We remember the convenience of rolling out of bed and heading for our home office, but forget how difficult it was to stop working and pay attention to our families once the clock struck 5pm.
We remember the way it felt to be freed from cubicle life and disruptive colleague “drop-ins” but forget how frustrating it was to deal with screaming kids, demanding pets, frequent “where did I put…?” interruptions, and connectivity issues while working remotely. Women have felt these impacts on a greater scale than any of us would have expected, and we can’t ignore them just because the pandemic lockdown is ending.
Those who haven’t experienced all or any of these setbacks are more likely to dismiss them and remain ensconced in their optimistic vision for the work from home future, but this is doing their colleagues and organizations a major disservice. Cultivating empathy is vital when we negotiate inclusive and equitable remote work policies for ourselves.
Inclusive policies keep in mind things like school hours and childcare, the particular need for schedule flexibility for women on a level that may be greater than what’s required for their male colleagues, funding or allowances for small-scale home modifications to help separate women’s all-too-integrated “work” from their “homes” in a physical way, the need for accessibility benefits to help women caretakers balance their loved ones’ needs with their organizations’ demands, and other matters that impact the ability of female employees to maintain productivity while working remotely.
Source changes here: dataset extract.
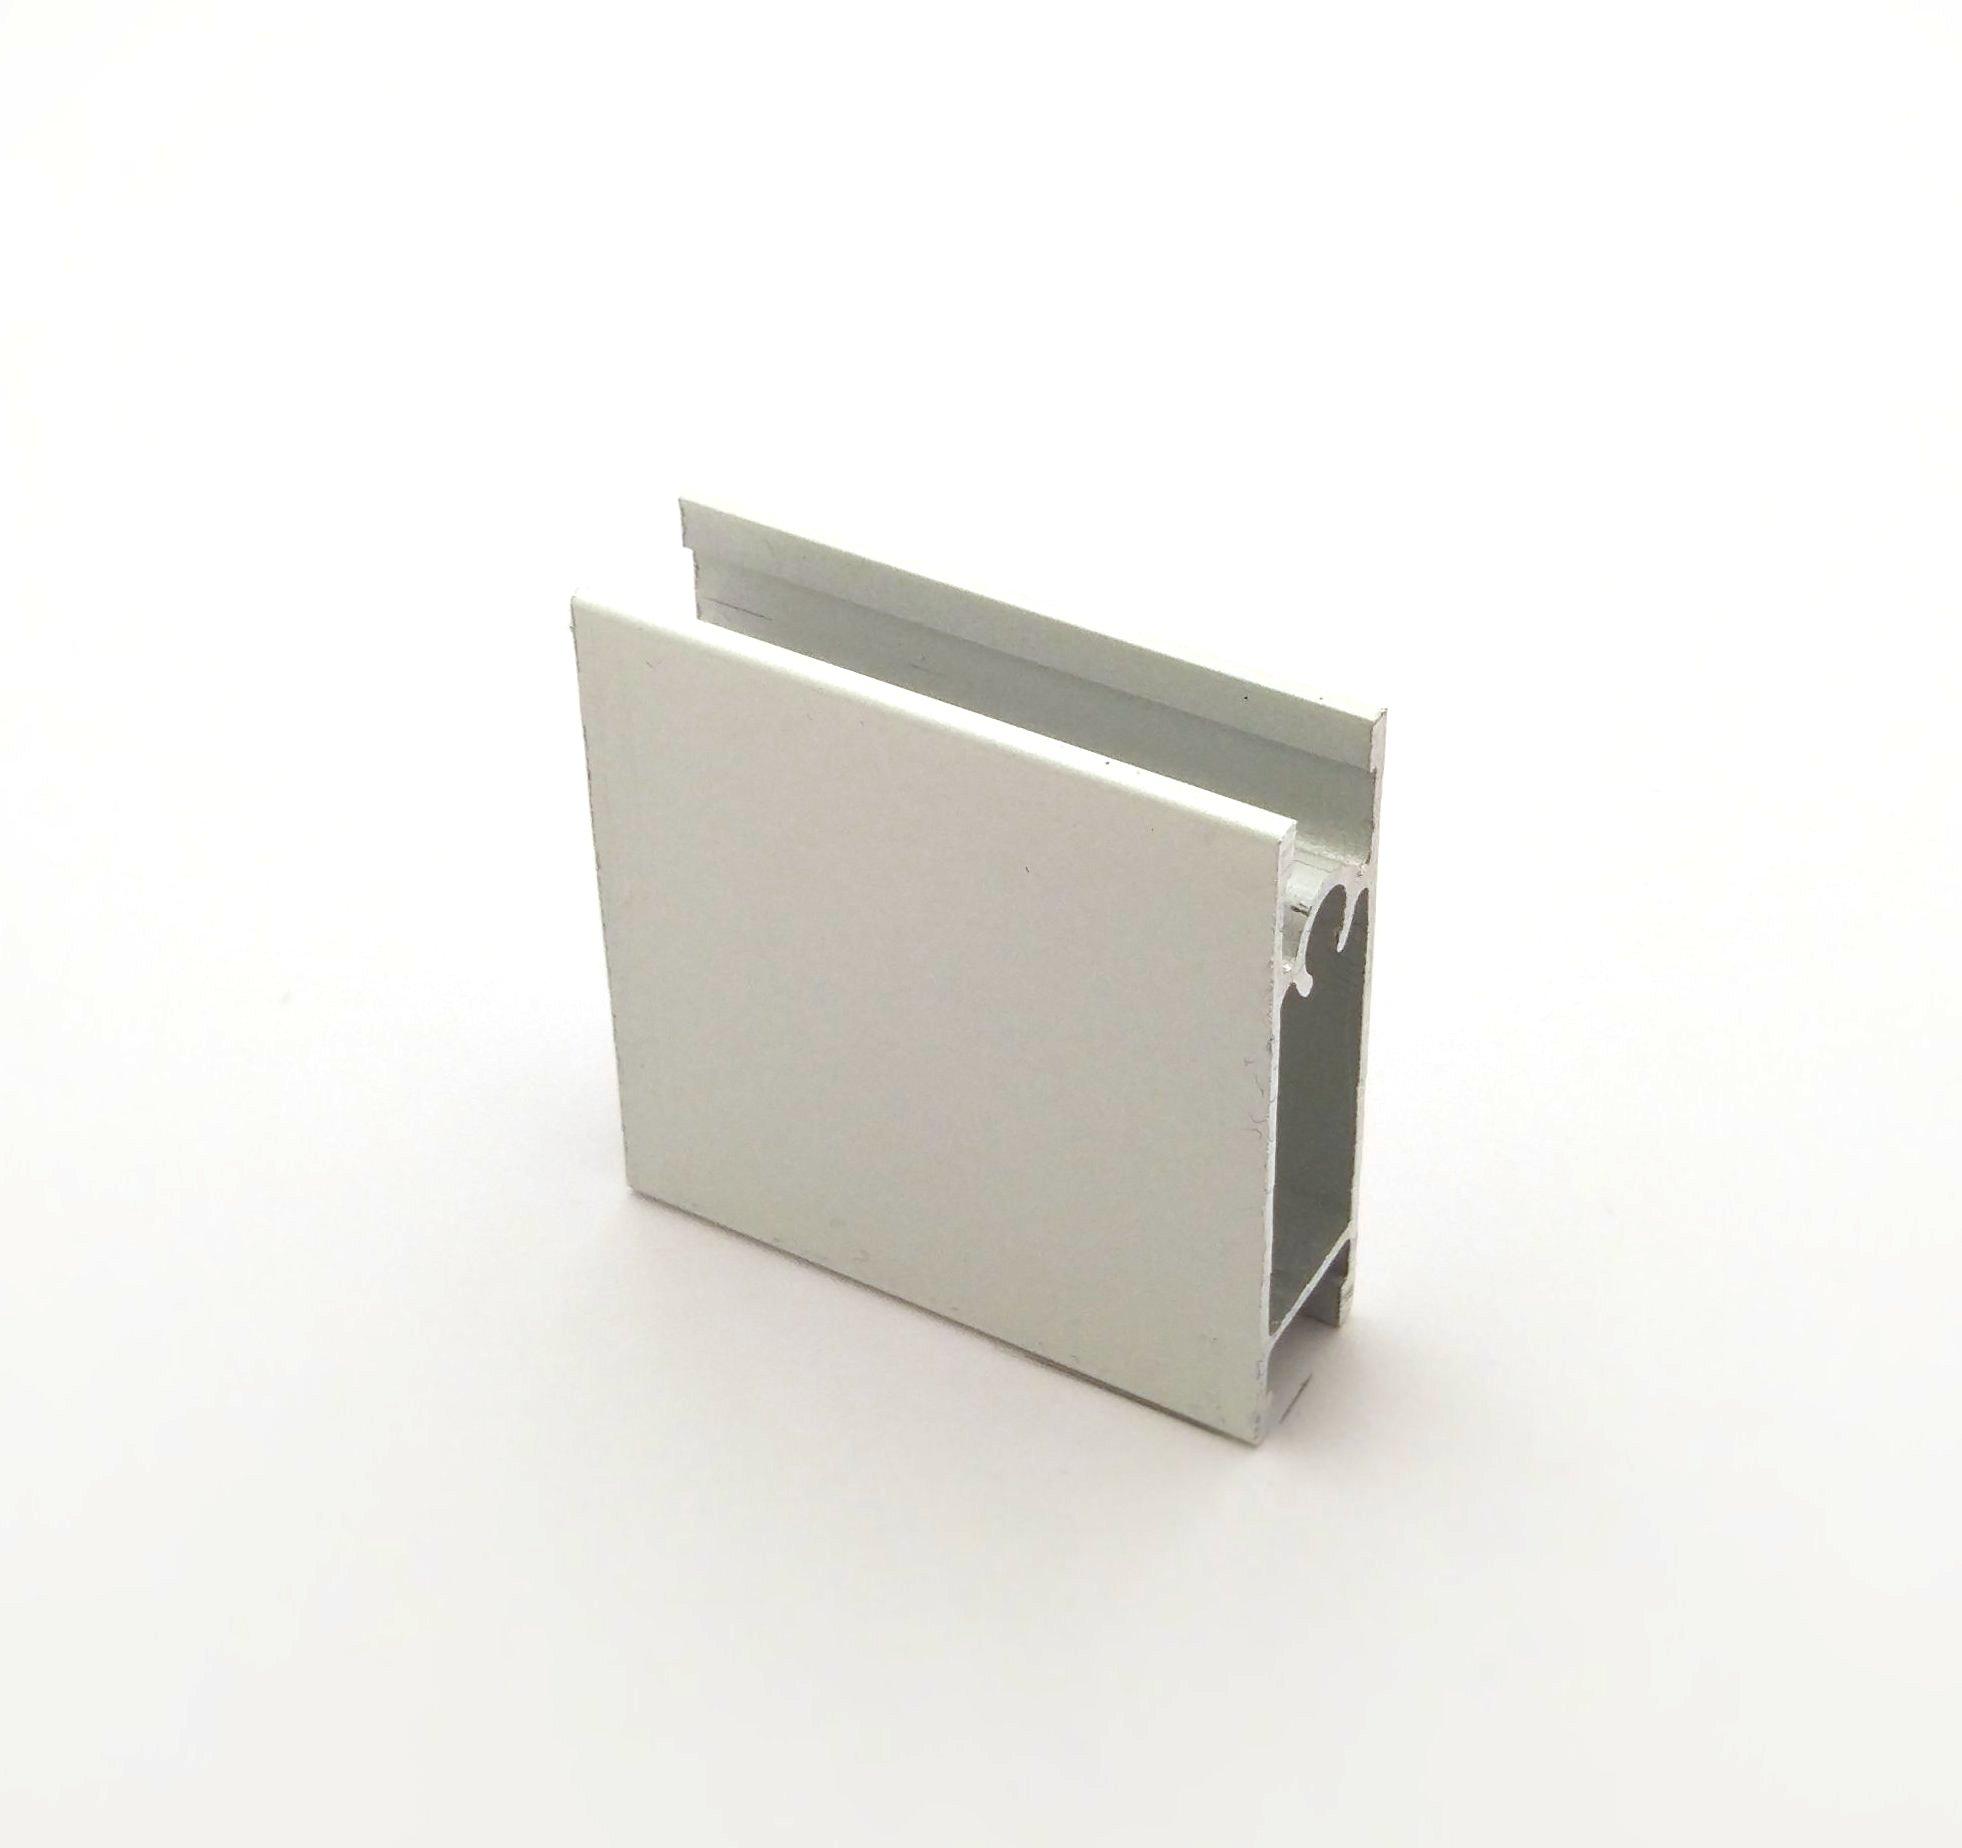 АФ Профиль универсальный GRAND, жемчуг, 6000мм
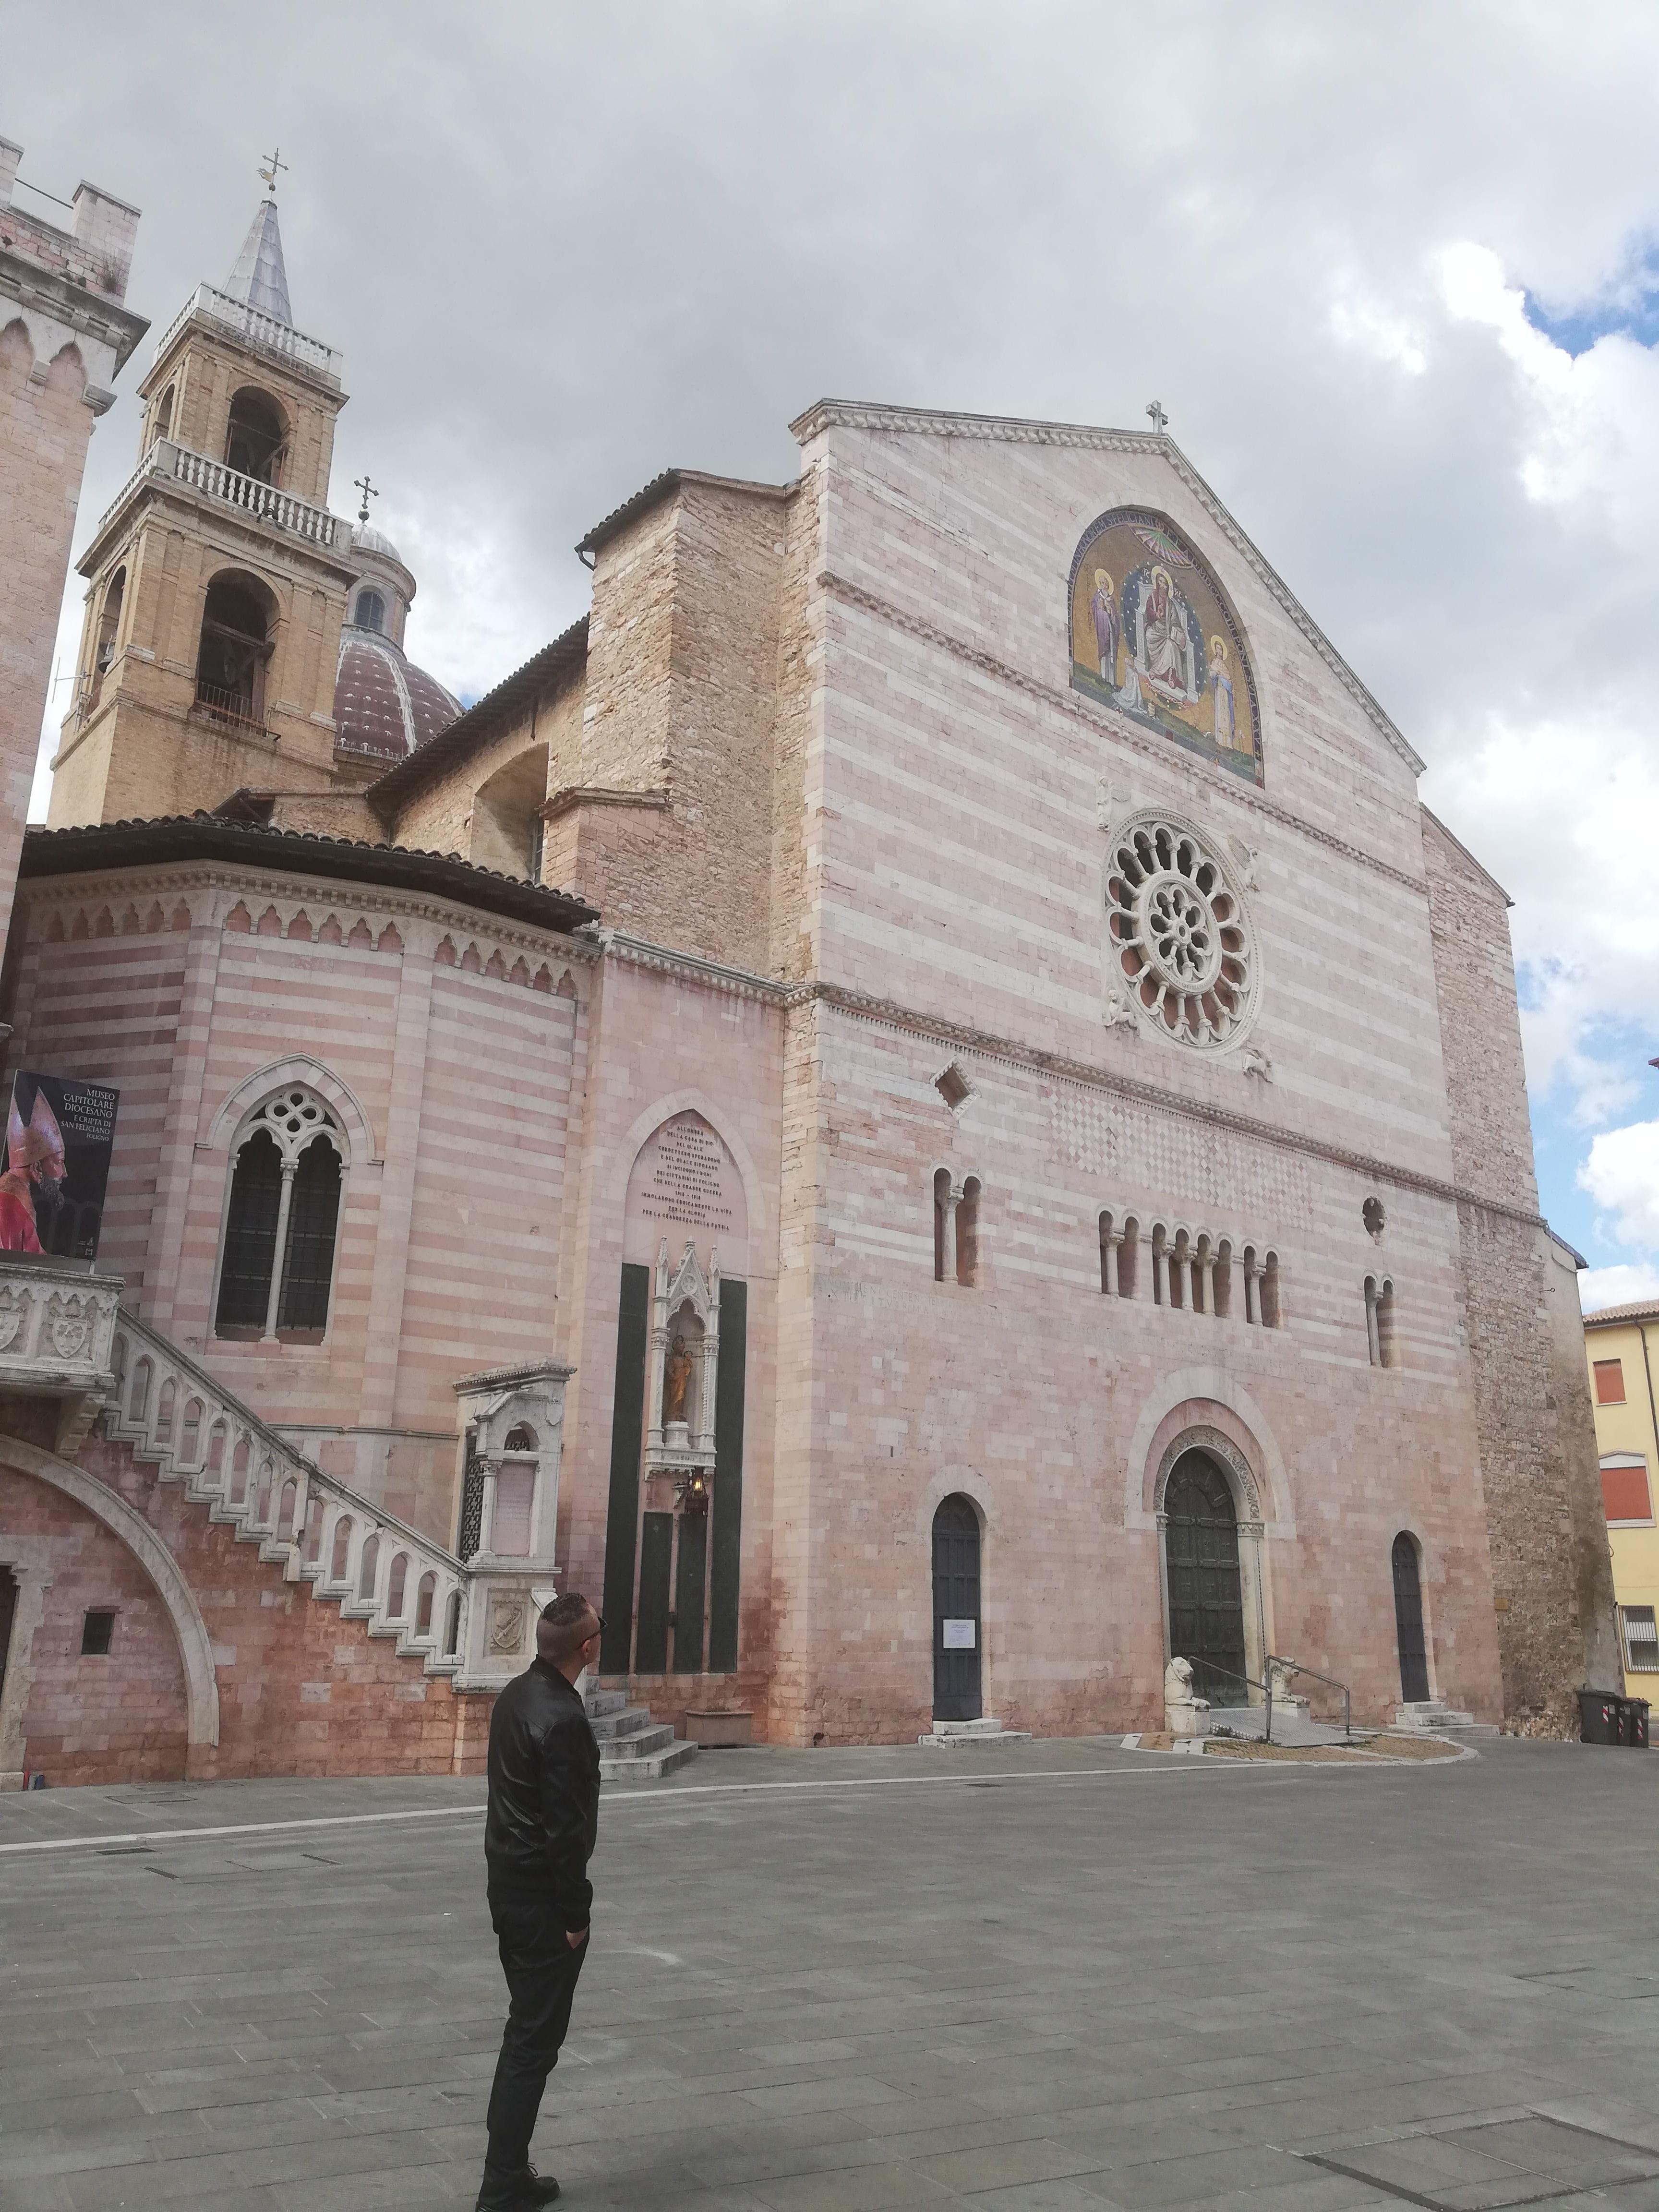 Cattedrale di San Feliciano Umbria

No organization is a monolith, and different employees will have different needs, but there needs to be an effort to answer the most pressing ones that women have historically been forced to either ignore or handle on their own without support. True equality, after all, is nuanced.
The first step toward achieving it? Asking women to weigh in and lead the effort.
The Context Of Our Conclusions: Remembering To Listen When You Would Rather Argue
If you ask ten employees what their ideal remote work policy would look like, you’re likely to get ten different answers. Still, good leadership means spotting the patterns that start to emerge when real dialogue is encouraged.
Organizations have a responsibility toward women workers that goes beyond platitudes. Real equity may not always look strictly like “equality,” because equity is about accepting differences instead of attempting to smooth them over. Women experience work and home differently: so leaders need to become familiar with those differences and integrate genuine conversation into their policy initiatives.
Because so many people want widespread work from home policy shifts, those who express concerns can feel dismissed, drowned out, or even attacked by those colleagues who don’t wish to tolerate anything that might threaten their hopes for a permanent remote-work future.
It’s the duty of workplace leaders to make sure that the minority gets their say in a real, constructive way, especially when that minority is made up of women who know all too well how much their reality can differ from the images people hold of them. Male leaders need to be cognizant of their unconscious biases, which can take on insidious forms that color their leadership approaches in unexpected ways.
We tend to assume that women are simply naturally inclined to “do it all,” and that bias is extremely harmful. Even female leaders can fall prey to this assumption, as they themselves may be so accustomed to a highly-burdened, fast-paced lifestyle that they take for granted the fact that other women are simply used to living the same way.
Ignoring the voices of exhausted, worried women in the workplace means plummeting productivity, low morale, higher turnover rates, increased healthcare costs, and many, many other negative impacts that may or may not be harder to see on a surface level. Working toward a work from home norm means listening when women point out that for them, home is work.
If we start from a standpoint of open communication and understanding, we can all reach a future where women and men are more fulfilled by their careers. It’s up to everyone to see that future make its debut...both in and outside of our homes.